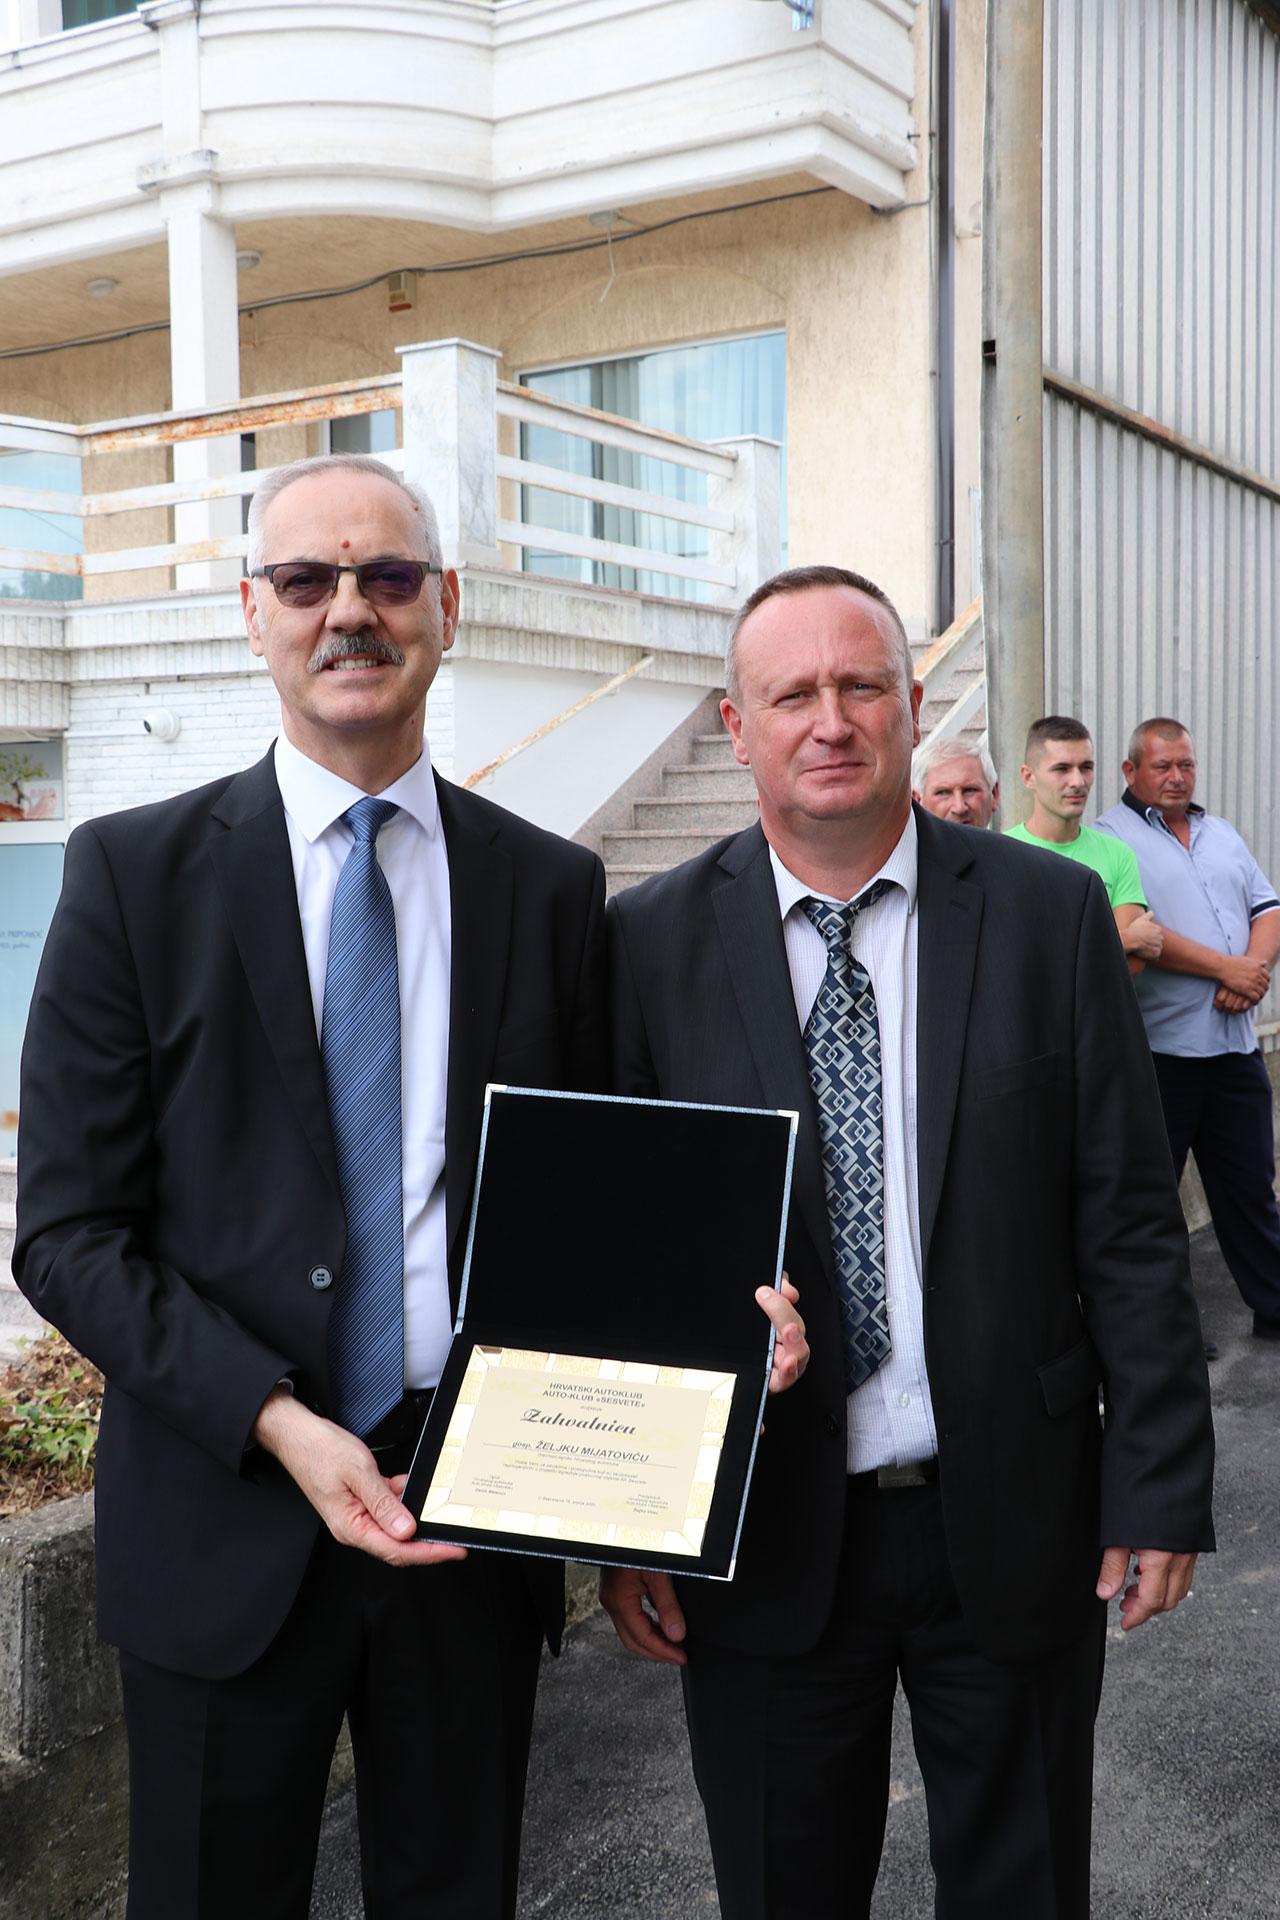 Glavni tajnik HAK-a Željko Mijatović i tajnik Autokluba Sesvete Damir Matacun
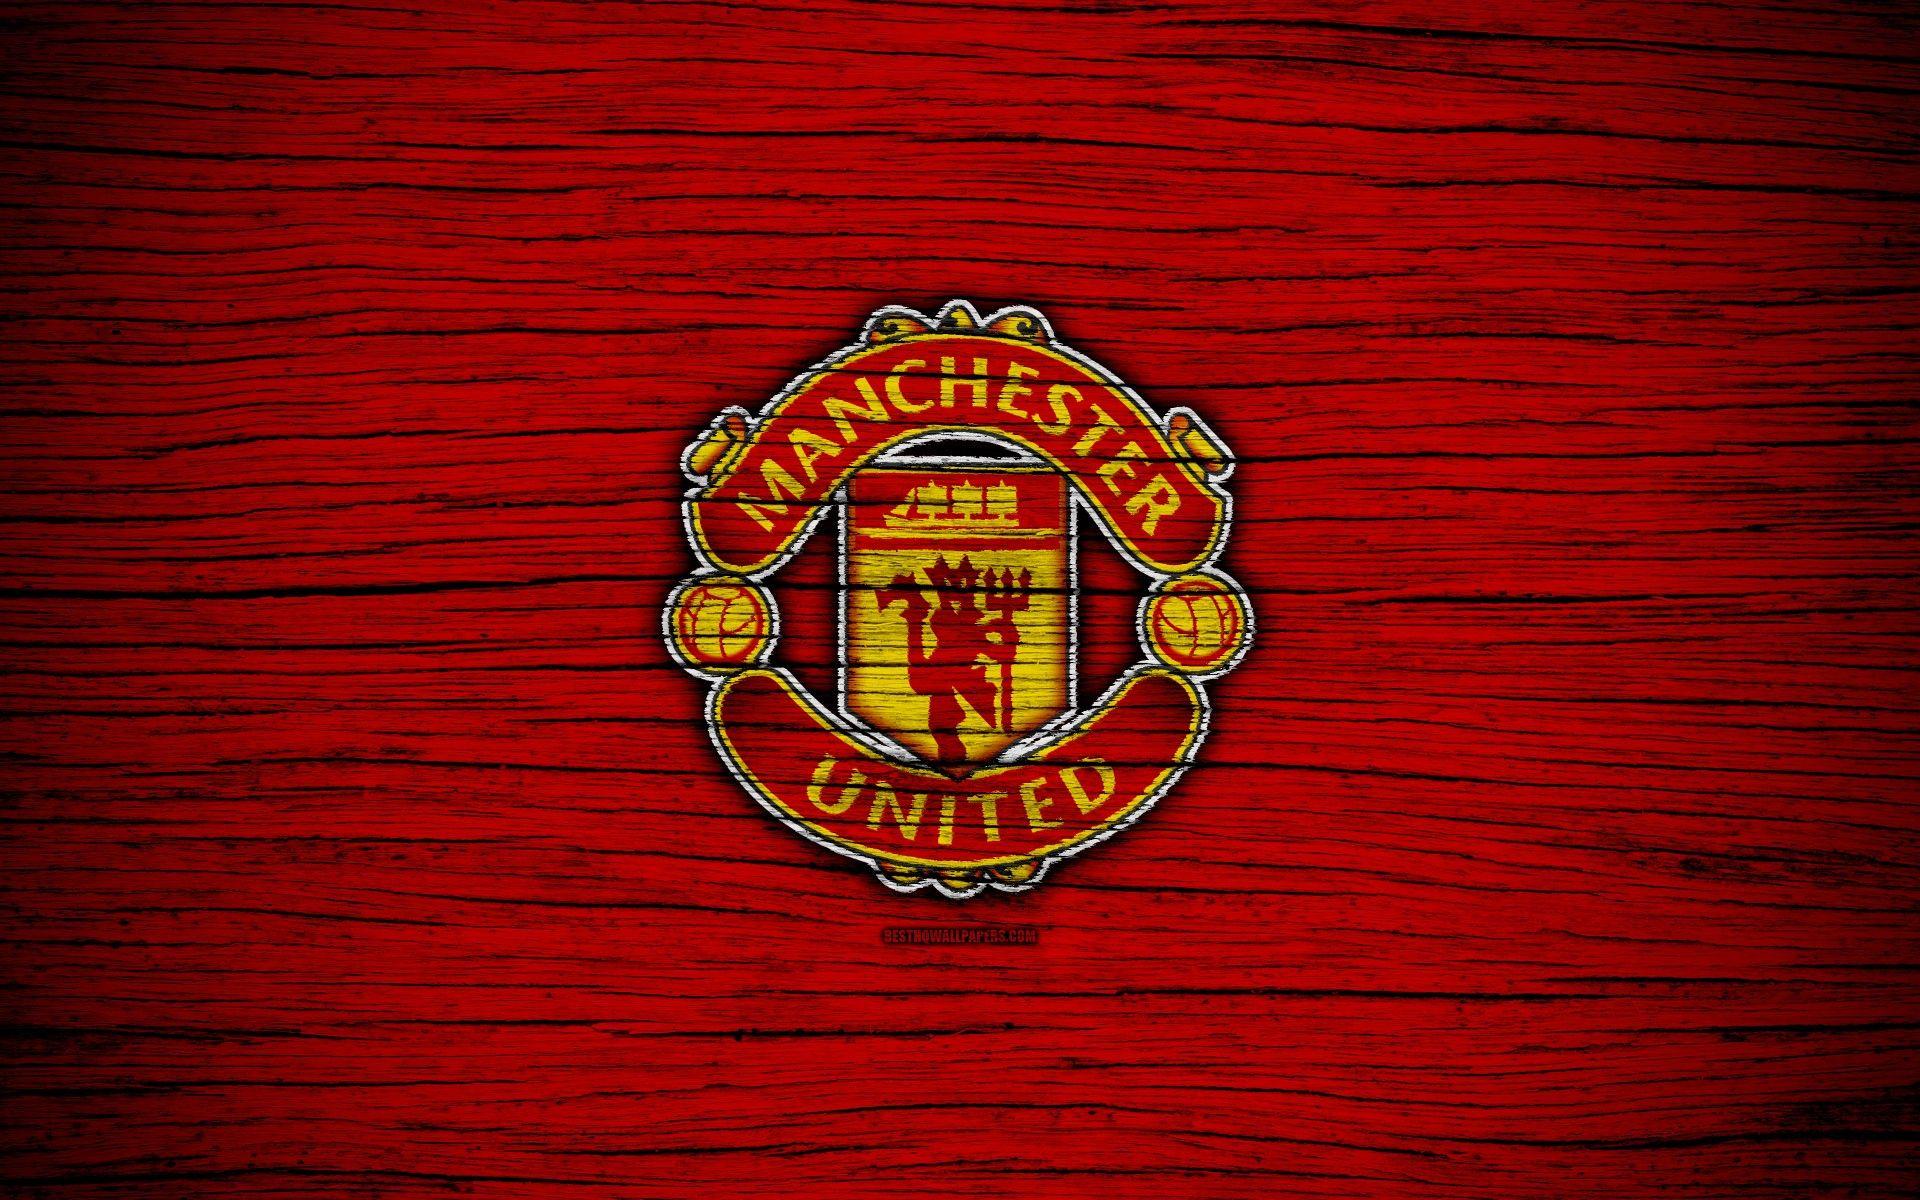 Man United 4k Manchester United Wallpaper Manchester United Logo Manchester United
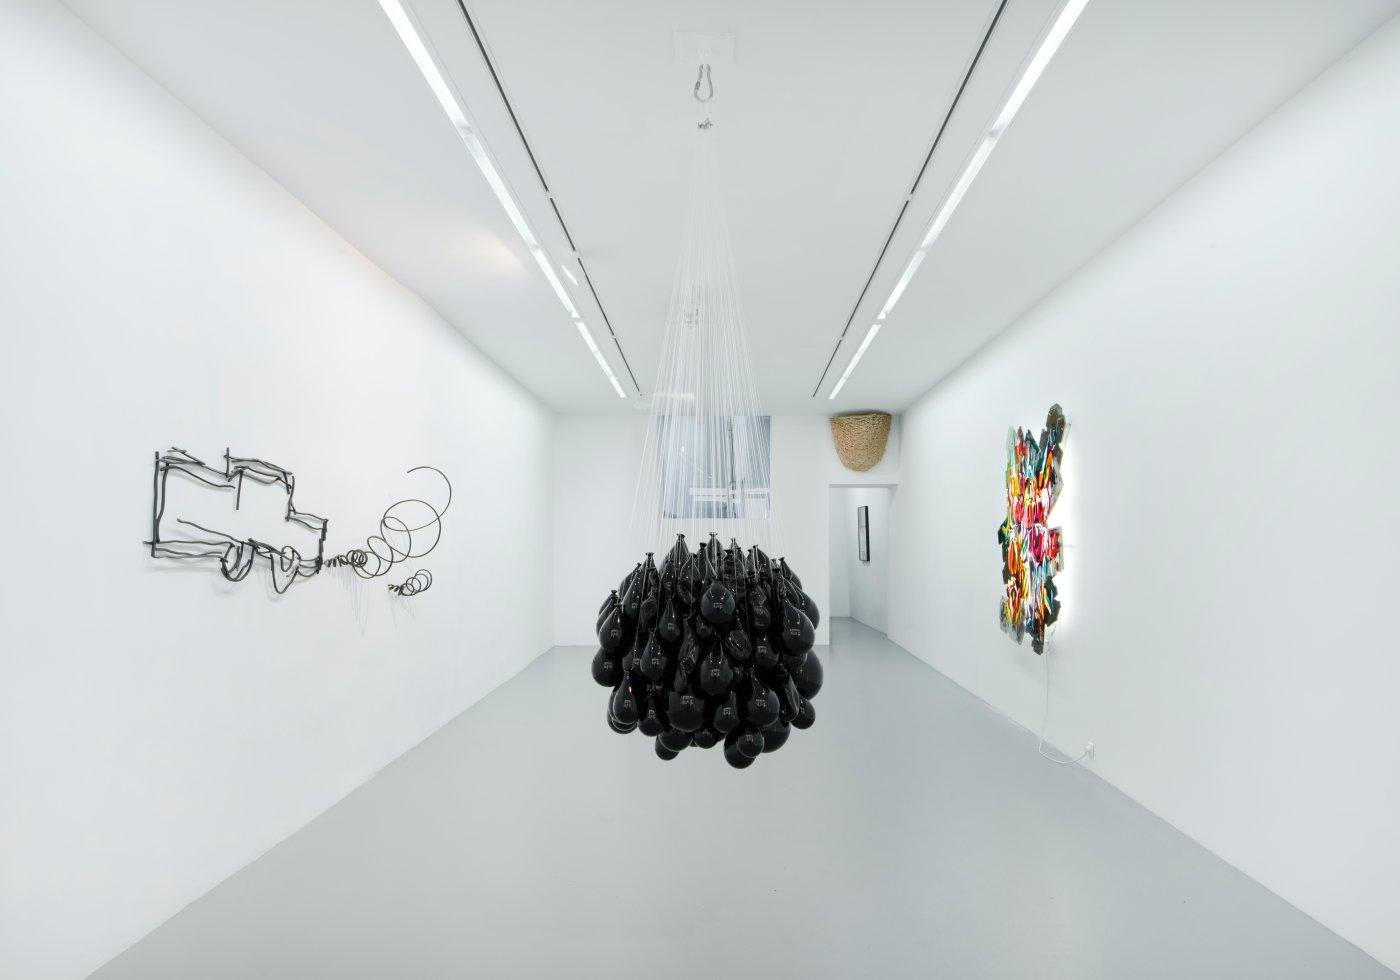 kamel mennour FIAC in the galleries 9
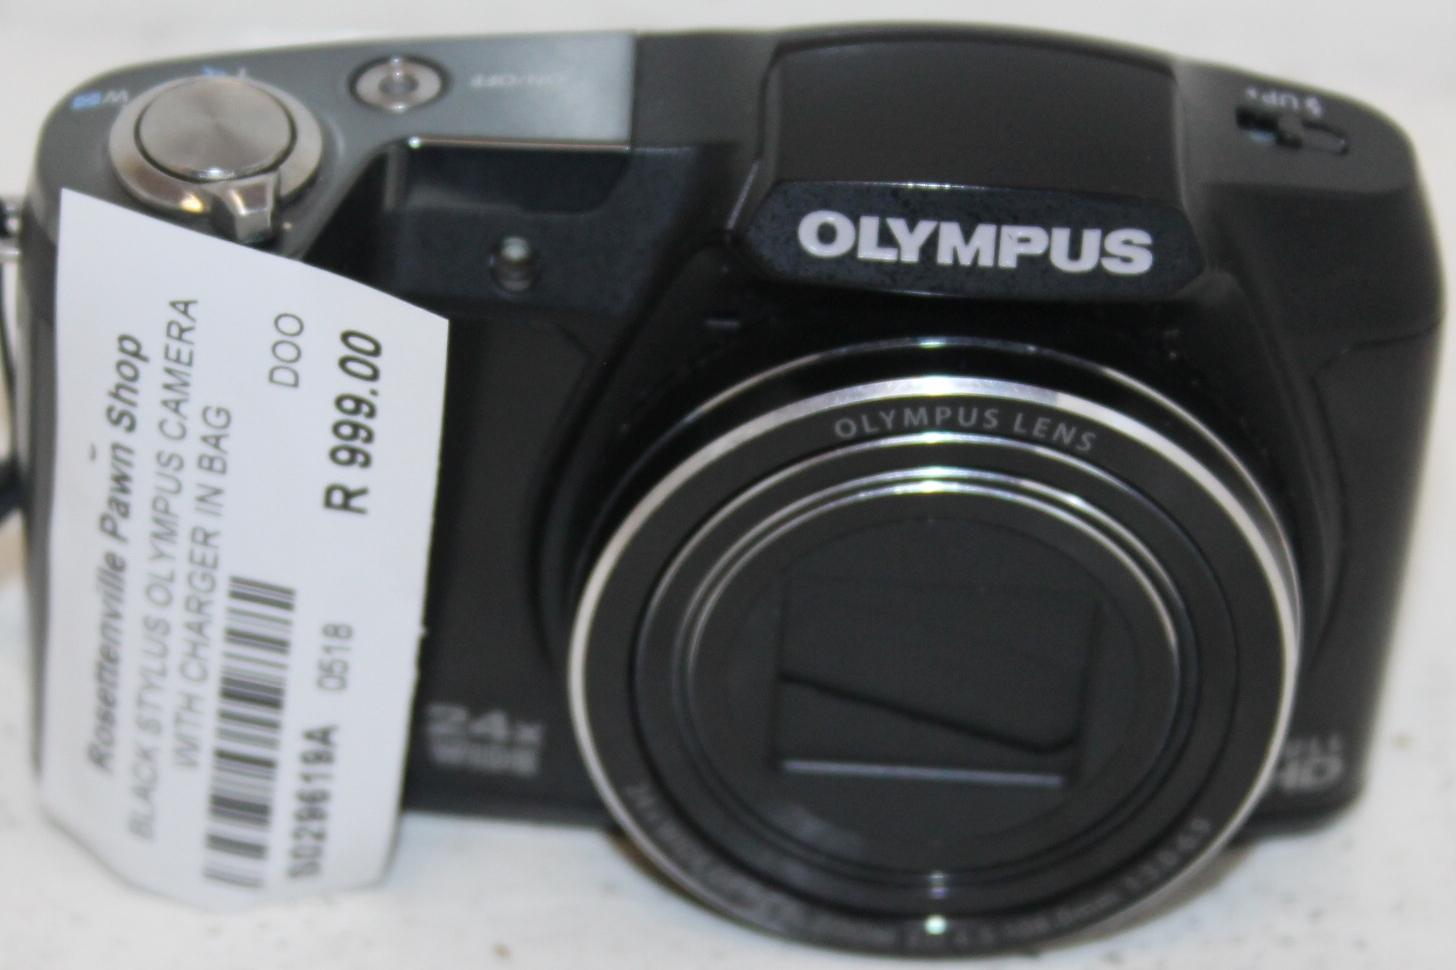 Stylus olympus camera S029619a #Rosettenvillepawnshop

## [YOUR OBJECTIVE]
Please write out the lines from the one that holds "Man United 4k" through the end of the material, both ends included, exactly and with no pictures.

## [REPLY]
 Man United 4k Manchester United Wallpaper Manchester United Logo Manchester United
 kamel mennour FIAC in the galleries 9
 Stylus olympus camera S029619a #Rosettenvillepawnshop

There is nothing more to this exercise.